Unlike Roc*Roi, COMPAS wasn't built by the government. It was built by a private software company and licensed to the states.
That means the public can't actually see under the hood and check the maths, because it's protected by intellectual property laws.
Wisconsin man Eric Loomis, who pleaded guilty to eluding an officer and was sentenced to six years in prison, argued that because he could not see the inner workings of the algorithm, he had been denied due process.
He couldn't dispute the score, because he didn't know how it had been calculated.
A report by the New Zealand Law Foundation, authored by Gavaghan and his Otago University colleagues James MacLaurin and Alistair Knott, recommended establishing an independent watchdog organisation to oversee the use of algorithms and artificial intelligence by government, especially when the scores the systems produce can have a serious impact on someone's life.
They want to see regulations requiring that all algorithms be open and transparent, so everyone can see the back end of the equations and understand why a certain decision has been made.
The latest figures show there are 32 algorithms being used across 14 government agencies to automate outcomes for New Zealanders.
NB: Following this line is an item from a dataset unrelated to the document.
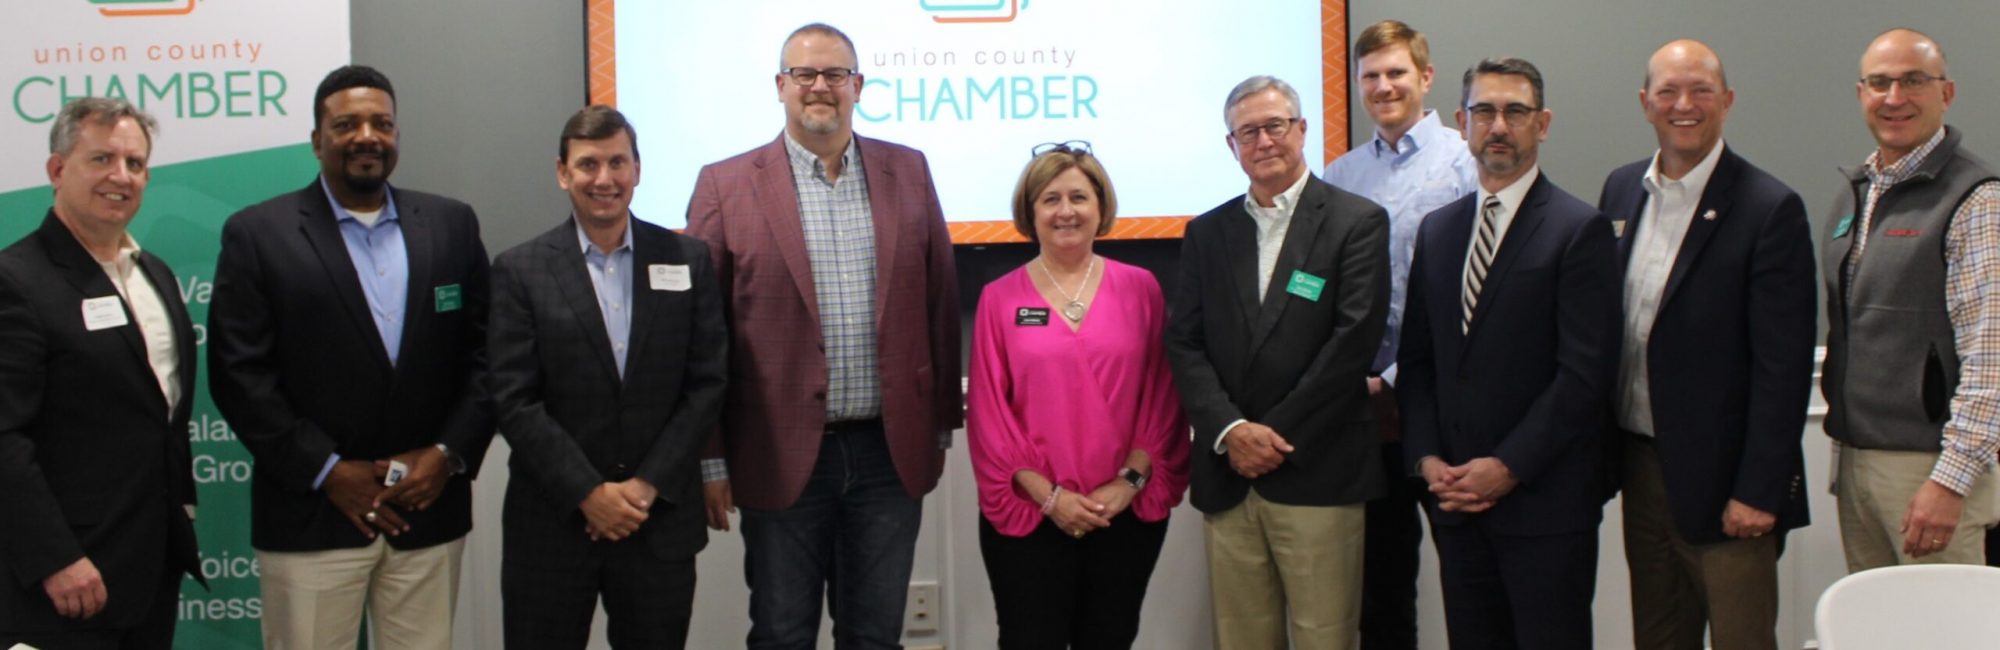 Members of the Union County Chamber Public Policy Committee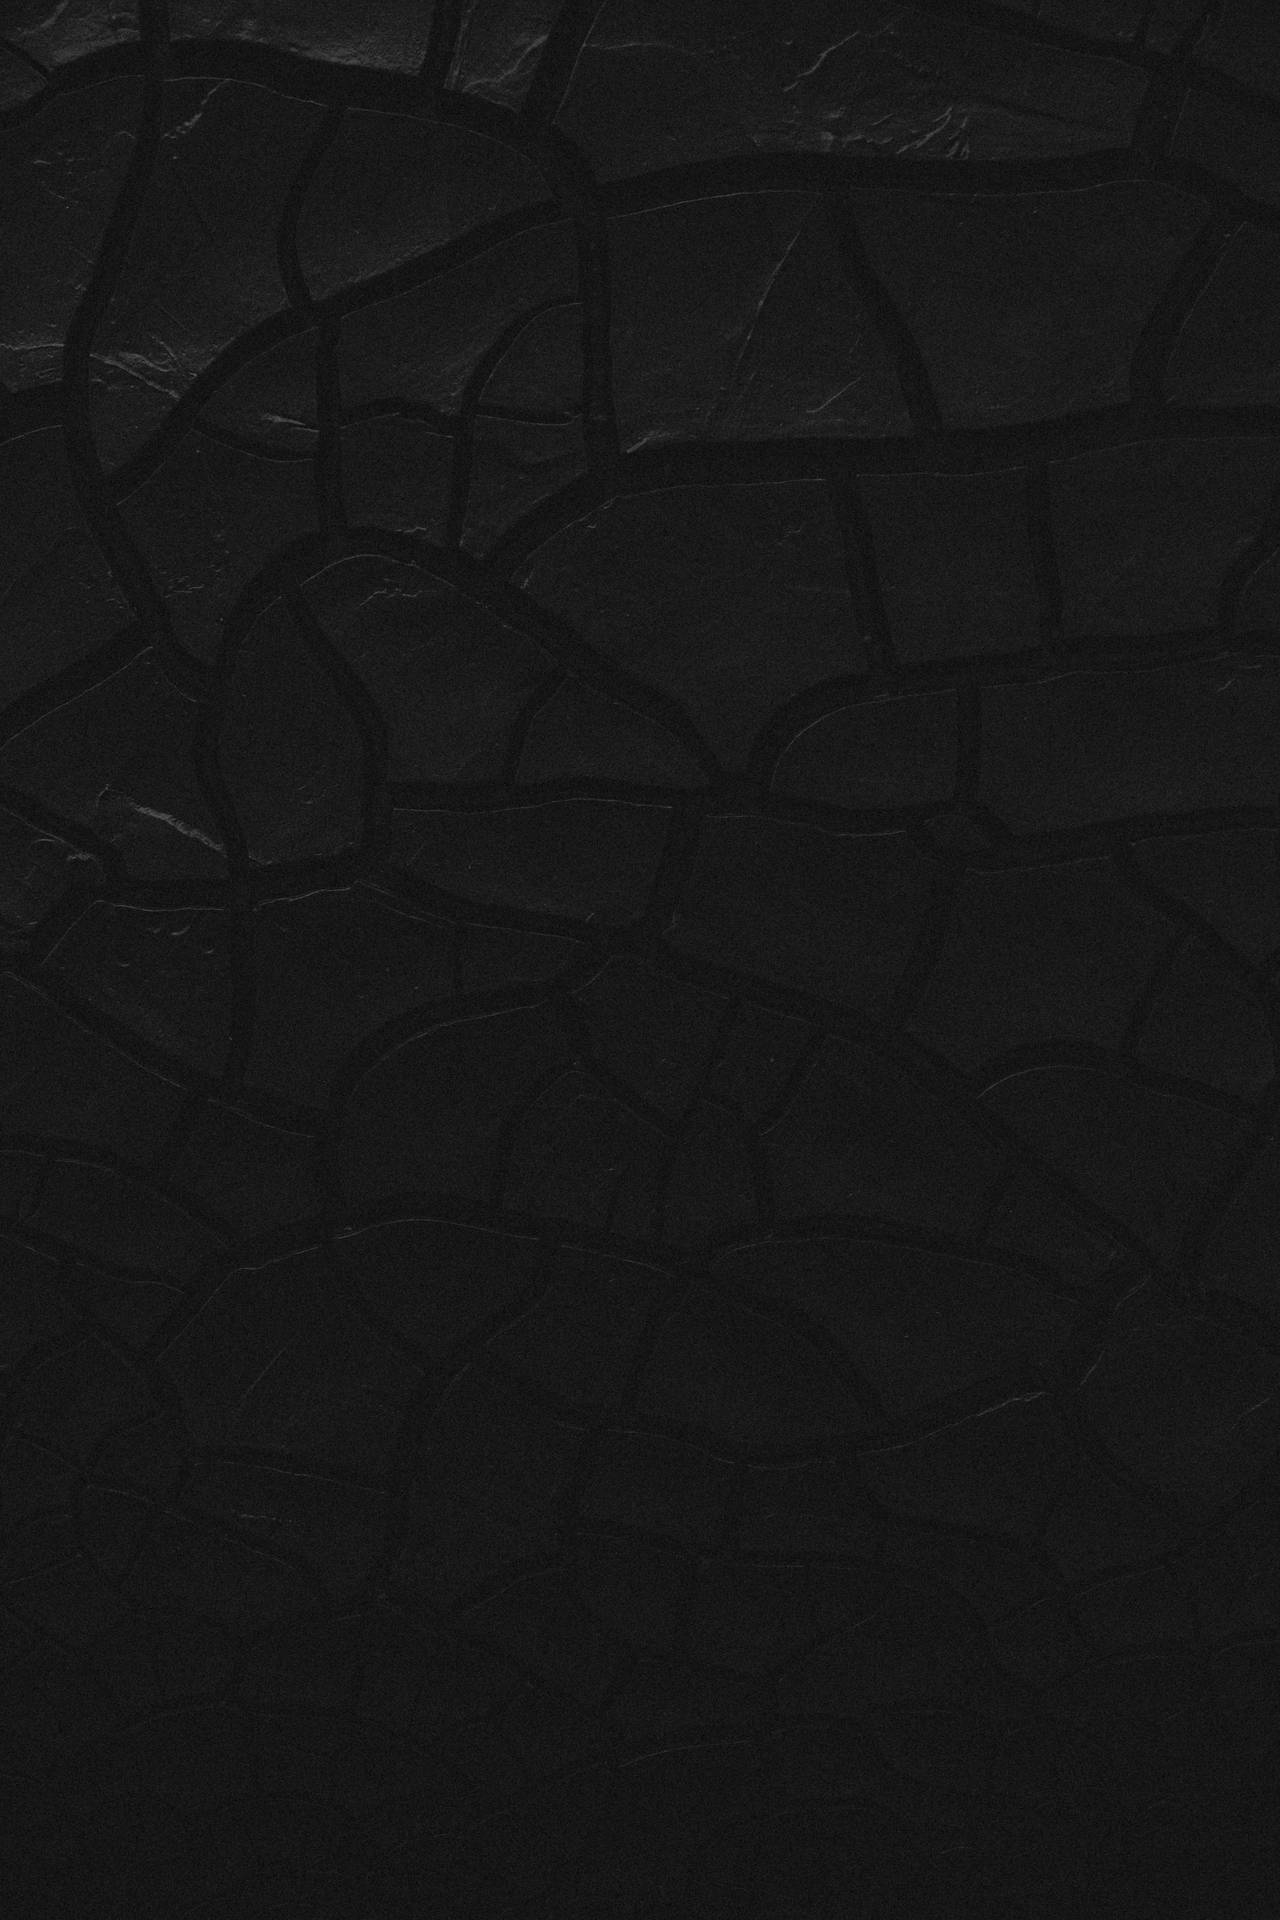 Plain Black With Cracked Surface

They affect everything from visa applications, to ACC claims, to how we schedule buses to get kids to school.
Moving forward, those systems are only going to get more advanced, and that brings with it more complexities. But it also brings a huge amount of opportunity to provide better, fairer, more informed outcomes.
Gavaghan just wants us all to know how they work.
'If you're turned down for parole, or you're told you're not getting your children back that have been taken off you, that might be the right decision, or it might be the wrong one, but you can only challenge it if you know how it was made.'
Correction: This story has been updated to clarify that the cannabis dealer served more time than the pastor but not twice as much. The headline initially read: Why a pastor who abused children served half as much prison time as a low-level cannabis dealer. It has also been updated to clarify that Rischbieter was paroled at his second hearing.